> **Given data**:
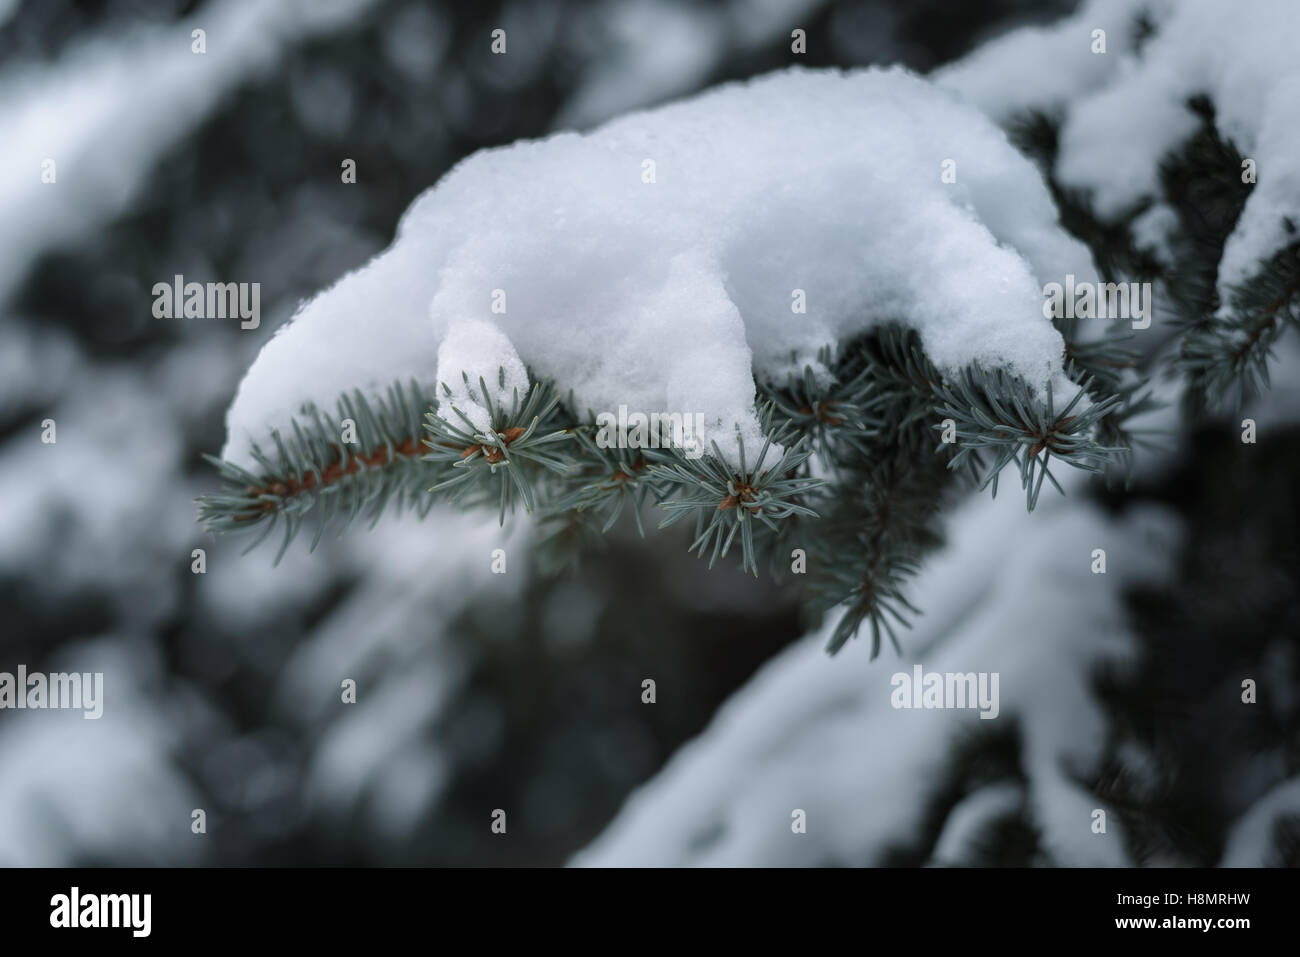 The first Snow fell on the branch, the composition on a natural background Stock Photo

==

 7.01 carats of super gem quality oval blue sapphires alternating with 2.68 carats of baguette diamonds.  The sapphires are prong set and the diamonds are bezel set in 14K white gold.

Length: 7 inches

---

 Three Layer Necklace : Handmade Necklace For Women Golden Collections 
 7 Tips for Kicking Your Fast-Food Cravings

> **Task**:
Would you please copy exactly the part of the entries above that begins at the line containing "7.01 carats of" and ends at the line containing "Length: 7 inches", both lines included?

> **Solution for this problem**:
 7.01 carats of super gem quality oval blue sapphires alternating with 2.68 carats of baguette diamonds.  The sapphires are prong set and the diamonds are bezel set in 14K white gold.

Length: 7 inches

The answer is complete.